Rainbow Trust's Support
The family were referred to Rainbow Trust by the CLIC Sargent social worker at the treating hospital, which is about 40 miles from the family home. Mum is a very independent lady who takes pride in being a good mum, especially after the difficult break up of her marriage. As Bradley was having to be admitted to hospital for a long period of treatment, that was going to make him very ill, the social worker and mum identified that there would be a need for some extra help with Dominic and Sarah during this time. Mum was reluctant to accept help from social services, as she feared that she would lose control of her children, but she felt having heard about Rainbow Trust that we may be the right sort of support for her and her family.
A Family Support Worker was introduced to the family, and they very quickly built a great rapport. Dominic and Sarah really enjoyed the company of our worker, playing games, dressing up, messy play, trips to the park etc., having been slightly “pushed out of things” as Mum put it. Granny was a little apprehensive at first, and explained that she felt she should be able to support her daughter. The worker carefully explained that she was there to help everyone and certainly not to take her place! But maybe there were times when Granny would welcome some help with the grandchildren. Granny soon warmed to the worker too!
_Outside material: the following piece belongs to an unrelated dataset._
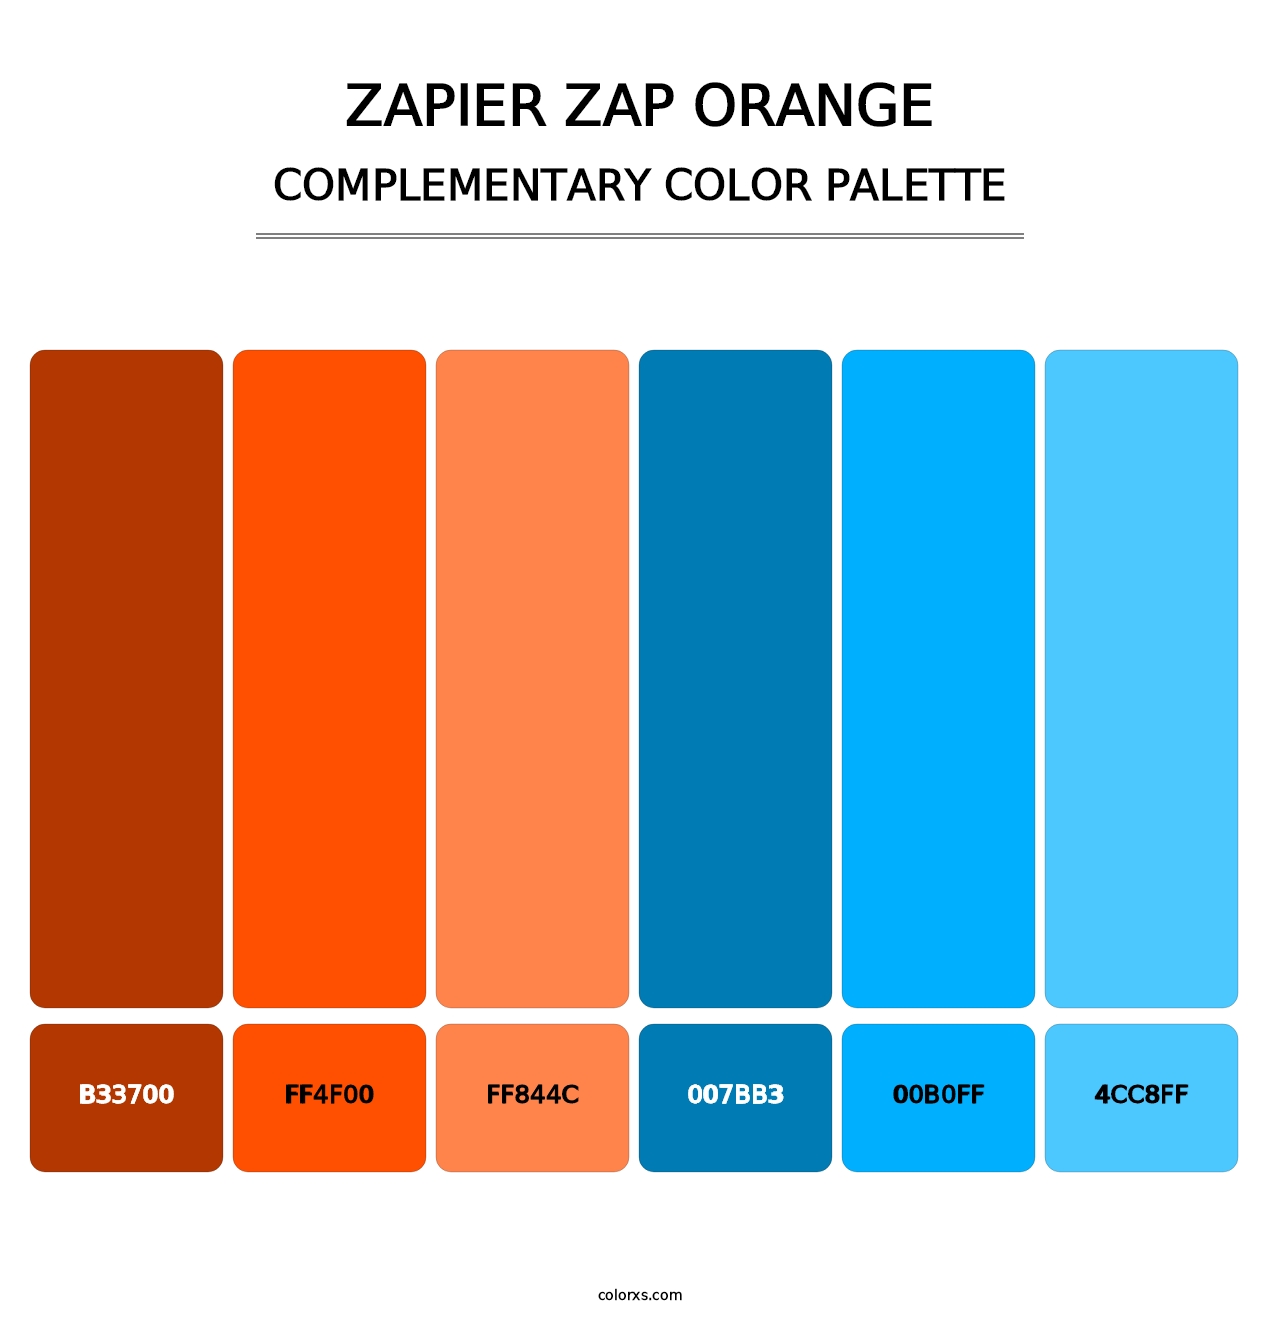 Zapier Zap Orange - Complementary Color Palette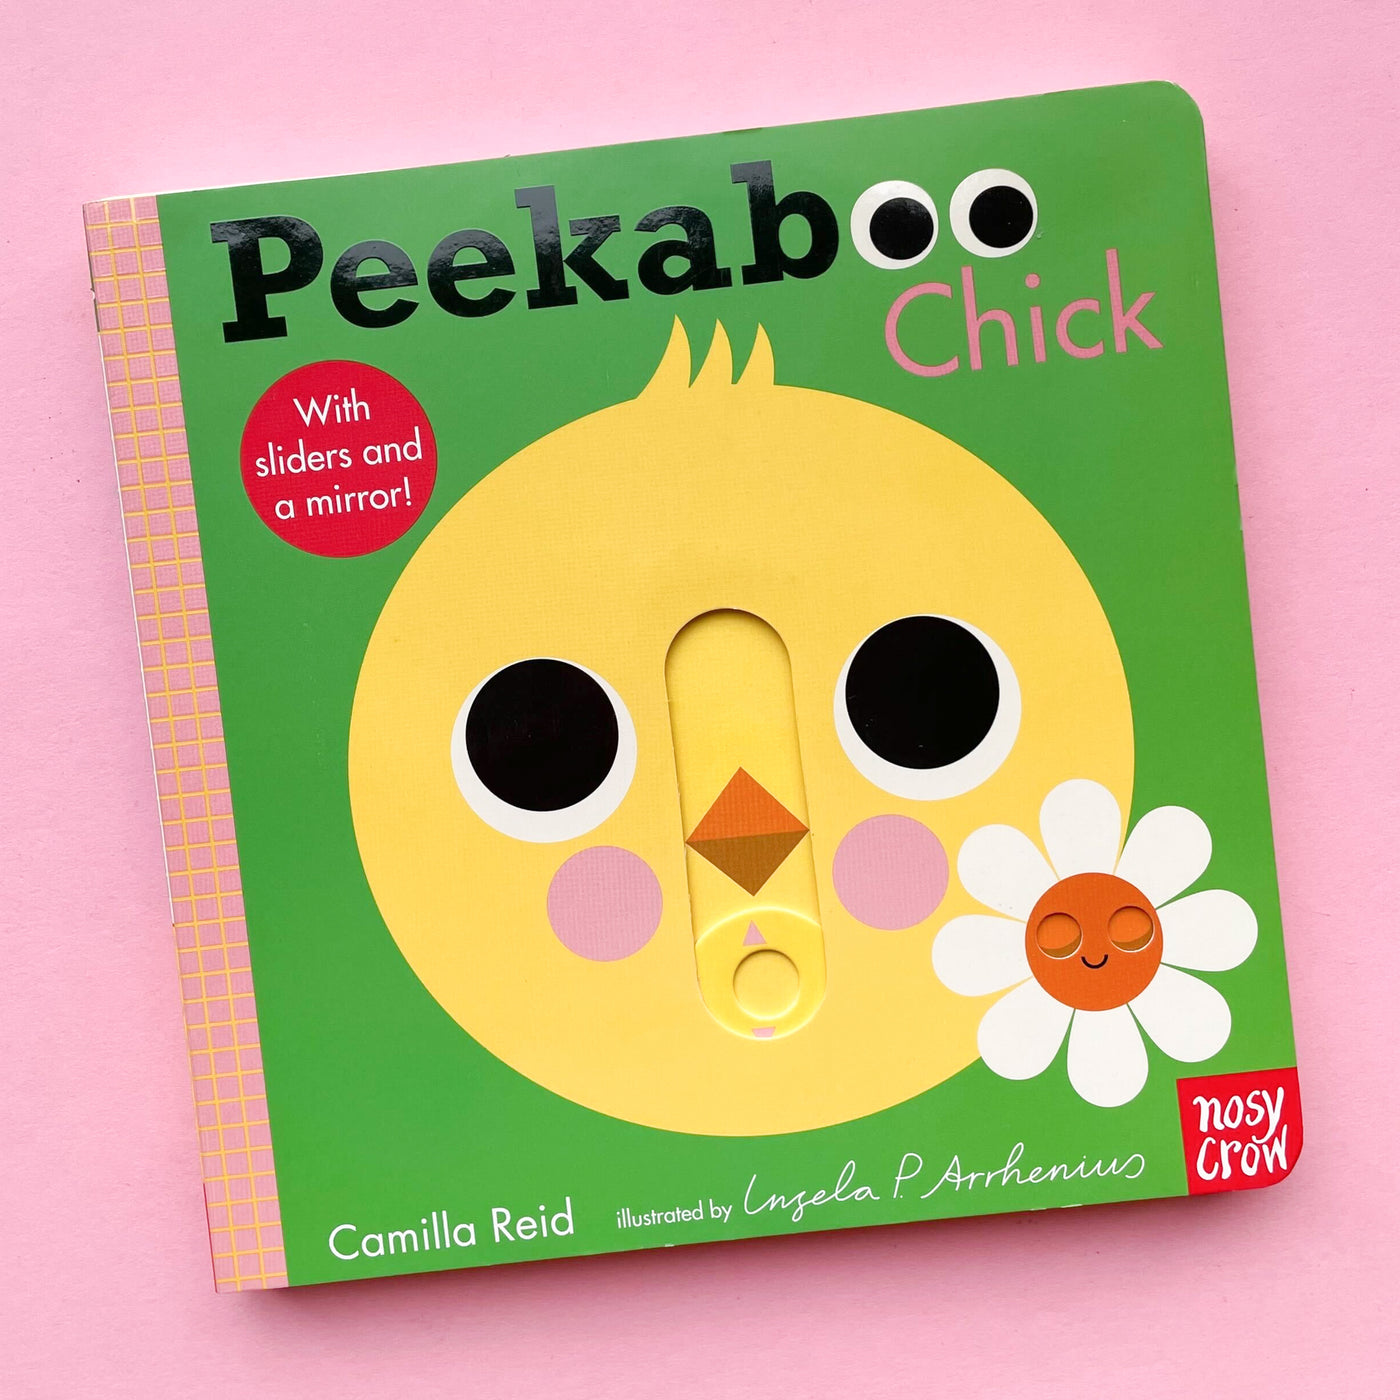 Peekaboo: Chick by Camilla Reid and Ingela P Arrhenius

Bradley sadly became very unwell as a result of the treatment and became very clingy to his mum, who had to stay with him in hospital. Granny had become “mum” to Dominic and Sarah. Dominic and Sarah moved in with Granny, who soon realised the difficulties of getting a 7 year old to school and having a 3 year old at home with her for most of the day, as well as caring for her husband. This was when our worker worked in partnership with Granny, our worker taking the children to school or preschool so Granny had time to get her husband up in the morning. Taking the children to visit mum and brother in hospital, again giving Granny time for herself to “recharge her batteries” to care for Dominic and Sarah again, however after a busy time out with the Rainbow worker the children were usually ready for bed. The children shared their concerns with their Rainbow worker, who helped them understand why mum could not be there and the children were not in their own home. Our worker took the children to spend time in their own home, to change toys and play in their garden. Our worker also developed a good relationship with Bradley, so at times Bradley would let our worker stay with him, so Mum could spend time at home with Dominic and Sarah.
Bradley is now doing well and at home with his mum, Dominic and Sarah.
Our worker still visits the family and supports in many different ways, for example listening to mum’s concerns about a possible relapse for Bradley,. Our Family Support Worker stills cares for Dominic and Sarah when mum has to take Bradley to hospital for checkups with Granny’s blessing!